Domestic team information
- 1868–1869: Marylebone Cricket Club

Career statistics
| Competition | First-class |
| Matches | 3 |
| Runs scored | 71 |
| Batting average | 23.66 |
| 100s/50s | –/1 |
| Top score | 57 |
| Catches/stumpings | 2/– |
- Source: Cricinfo, 2 August 2019

= William Maitland (civil servant) =

Scottish cricketer

William James Maitland (22 July 1847 – 8 May 1919) was a British civil servant in India and a Scottish first-class cricketer.

The son of Augustus Maitland and his wife, Elizabeth Jane Richards, he was born at Edinburgh in July 1847. He was educated in Edinburgh at the Edinburgh Academy. He made his debut in first-class cricket for the Marylebone Cricket Club (MCC) against Cambridge University at Lord's in 1868, scoring a half century with 57 on debut.
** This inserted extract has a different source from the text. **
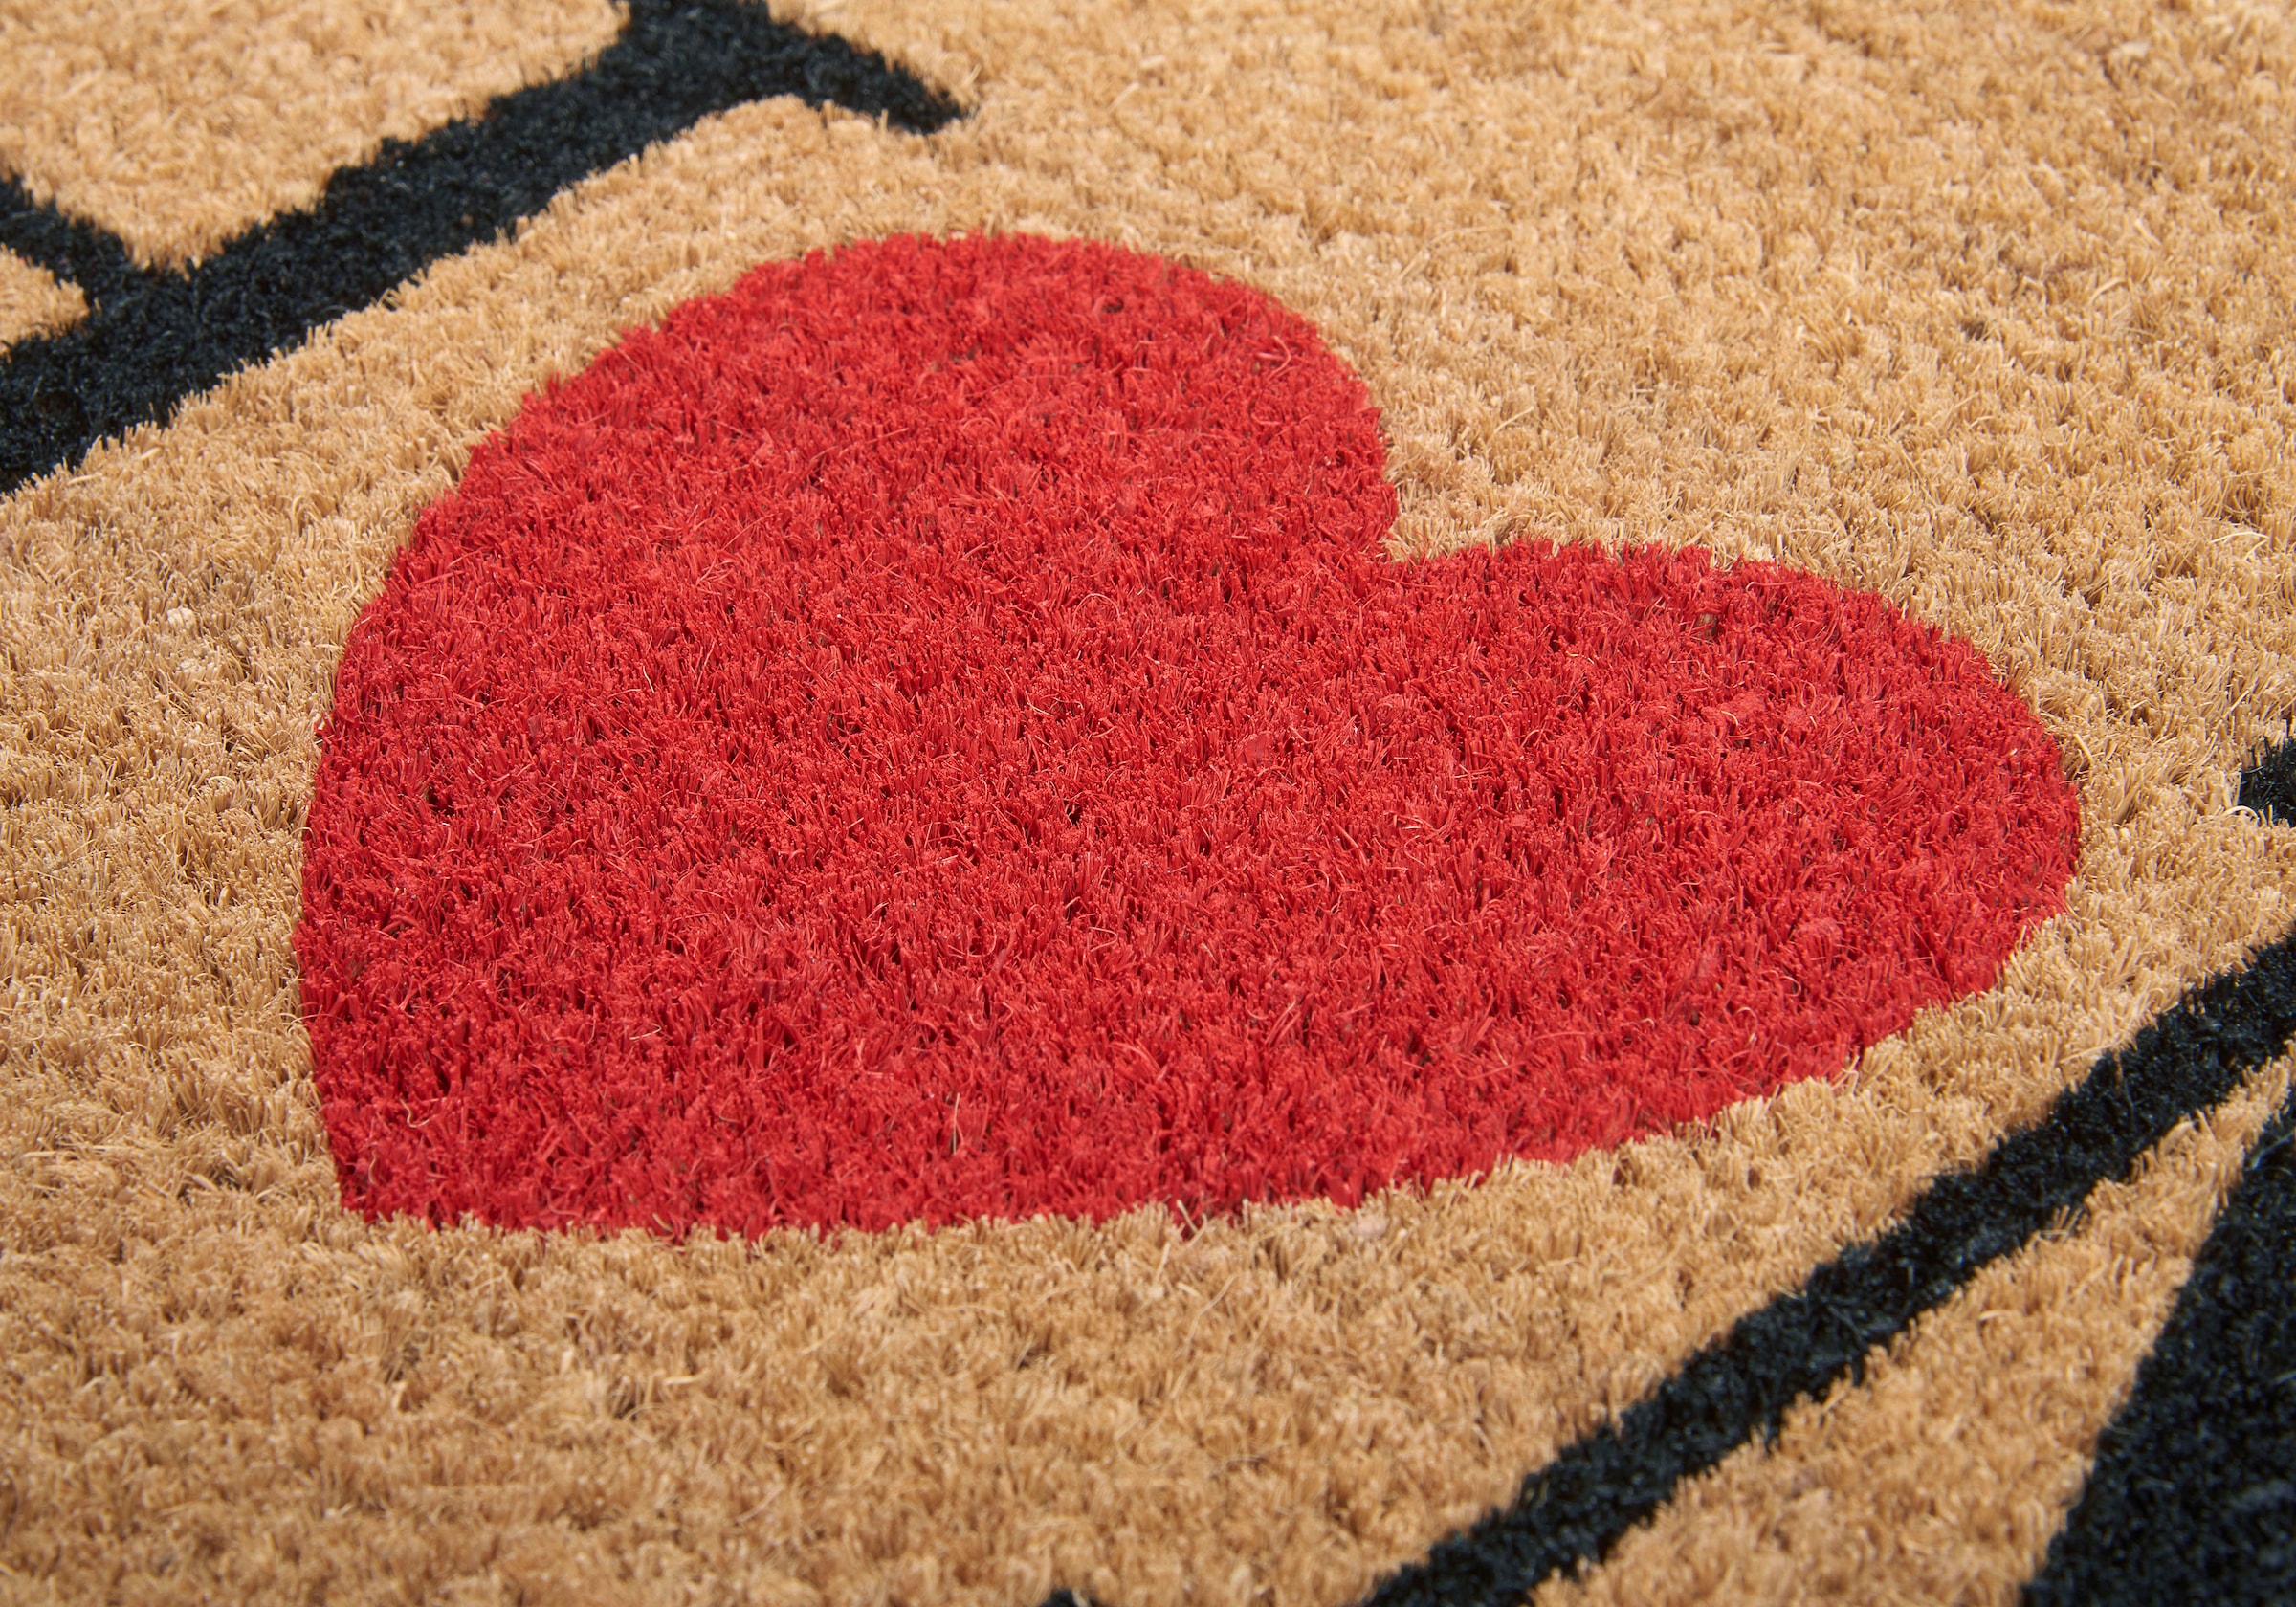 HANSE Home Fußmatte »Mix Mats Kokos Home With Heart«, rechteckig, Kokos, Schmutzfangmatte, Outdoor, Rutschfest, Innen, Kokosmatte, Flur

He made two further appearances in first-class cricket in 1869, playing for the Gentlemen of England against Oxford University at Oxford, and for the MCC against Surrey at The Oval. He married Agnes Magdalene Neville-Grenville in August 1878, with the couple having two children, a son, Alexander, who died young, and a daughter, Marjorie, who married Air Chief Marshal Sir Arthur Murray Longmore. Maitland later moved to British India, where he served as the private secretary for the Secretary of State for India. He was made a Companion to the Order of the Indian Empire in February 1887. He later served as the deputy government director of the Indian Railways from 1892 to 1912. He died in a nursing home at Westminster in May 1919.